Although she accepted that Sadiq was facing a custodial sentence, she asked the court to adjourn sentencing for a pre sentence report to be carried out.
Judge Stephen Hopkins QC told Sadiq who, remained emotionless in the dock, that he would let the defendant have bail so he could sort out his affairs.
He said: "The jury have found you guilty on, in my opinion, the most compelling evidence that you indecently and sexually assaulted children when you were supposed to be teaching them the Koran.
"The sentence passes the custodial threshold."
Sadiq was granted bail to appear at the same court on Friday, July 7, for sentencing.
"These women have shown remarkable courage"
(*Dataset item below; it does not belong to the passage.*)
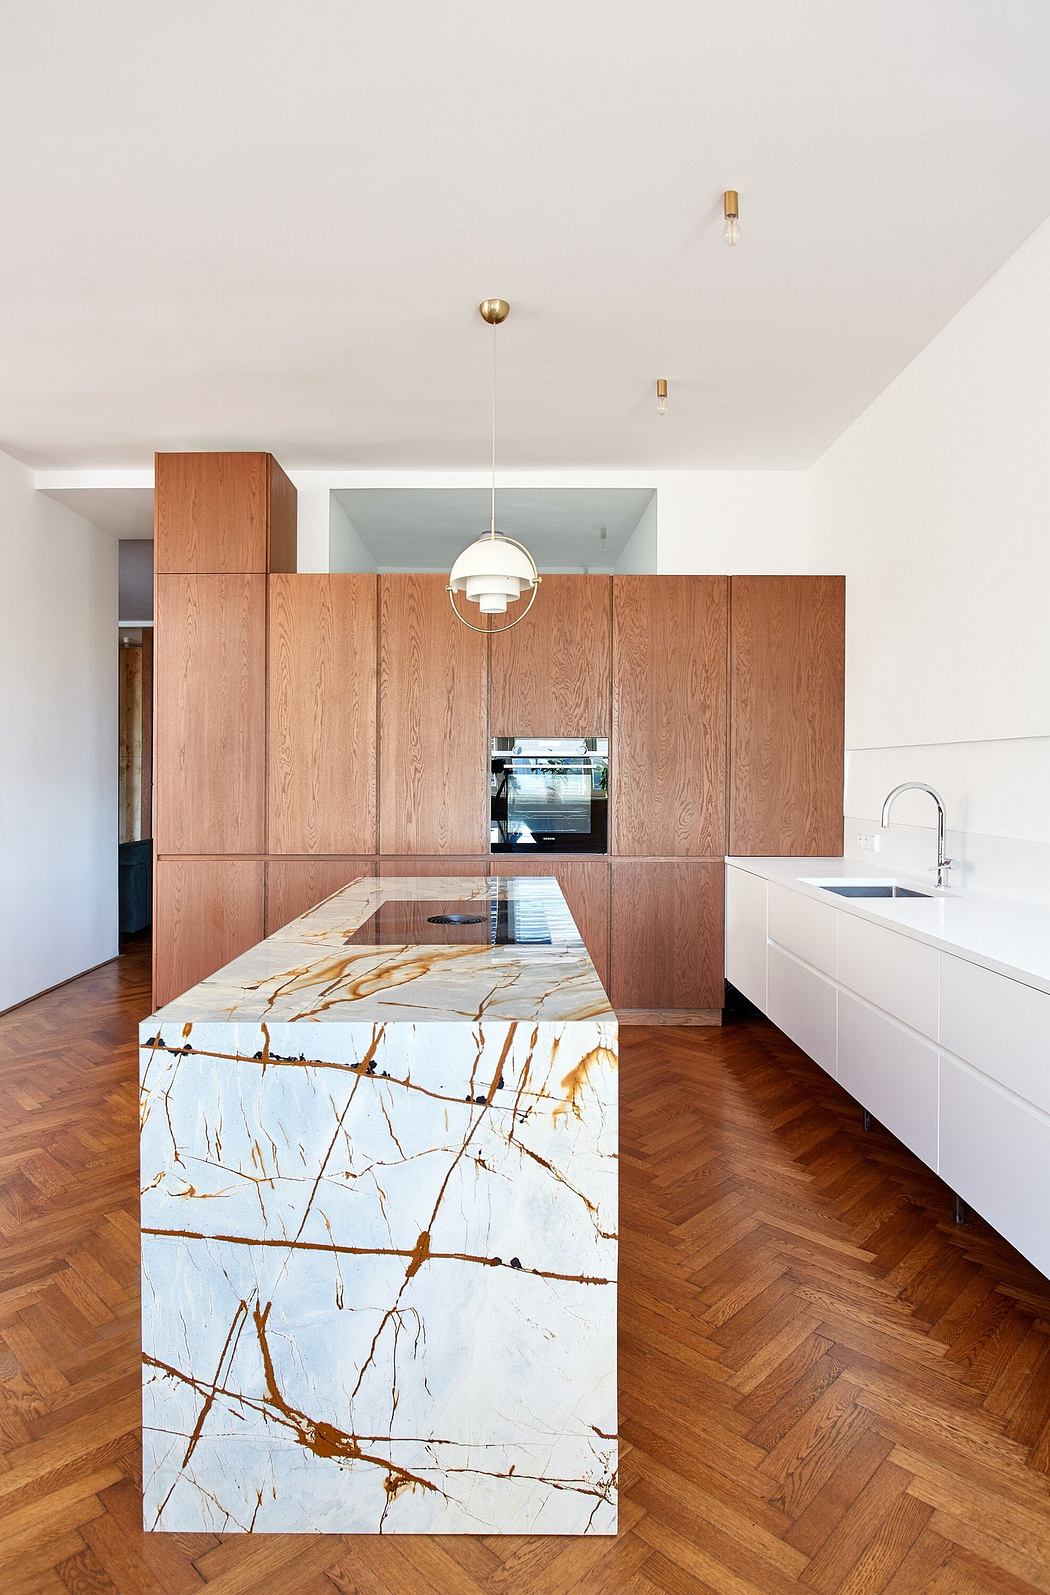 Modern kitchen with wooden cabinets and marble island on herringbone floor.

Following the verdict Mike Jenkin, from the CPS, said: “These women have shown remarkable courage in coming forward to speak about the abuse they suffered at the hands of Mohammed Haj Sadiq when they were young girls.
“Sadiq was a respected figure in the community with considerable influence and power which makes the bravery of his victims all the more admirable.
“The evidence given by these women meant the prosecution was able to present a compelling case to the jury, resulting in the guilty verdicts returned today.”
Detective Chief Inspector Rob Cronick of South Wales Police said: "Mohammed Sadiq abused his position of trust within the community he served.
"Today's verdict shows the magnitude of Sadiq's offending and the devastating effect this has had on his victims.
"These four young women have shown immense courage in coming forward and telling us about the abuse they suffered and enduring the further anguish of a crown court trial.
"As a result of today's verdict I believe there may be members of the community who may now feel confident enough to speak to the police or our support agencies.
"Anyone with any information concerning this matter or who may have any other concerns should call a dedicated NSPCC helpline on 0808 800 5000 where specially trained staff will talk to you and offer support.
"Alternatively you can call South Wales Police on 101 quoting the reference: 1600442164.
"Investigating sexual violence is a priority of South Wales Police and may I provide reassurance that all allegations of non-recent sexual abuse will be investigated.
"There are also a number of support agencies available to anyone who wishes them to be their point of contact if they have any concerns. South Wales Police can sign post victims directly to them.
"Our priority is to keep victims, and potential victims safe. We are committed to helping the vulnerable and have dedicated teams to help and support anyone who may have been affected by this investigation or any other circumstance."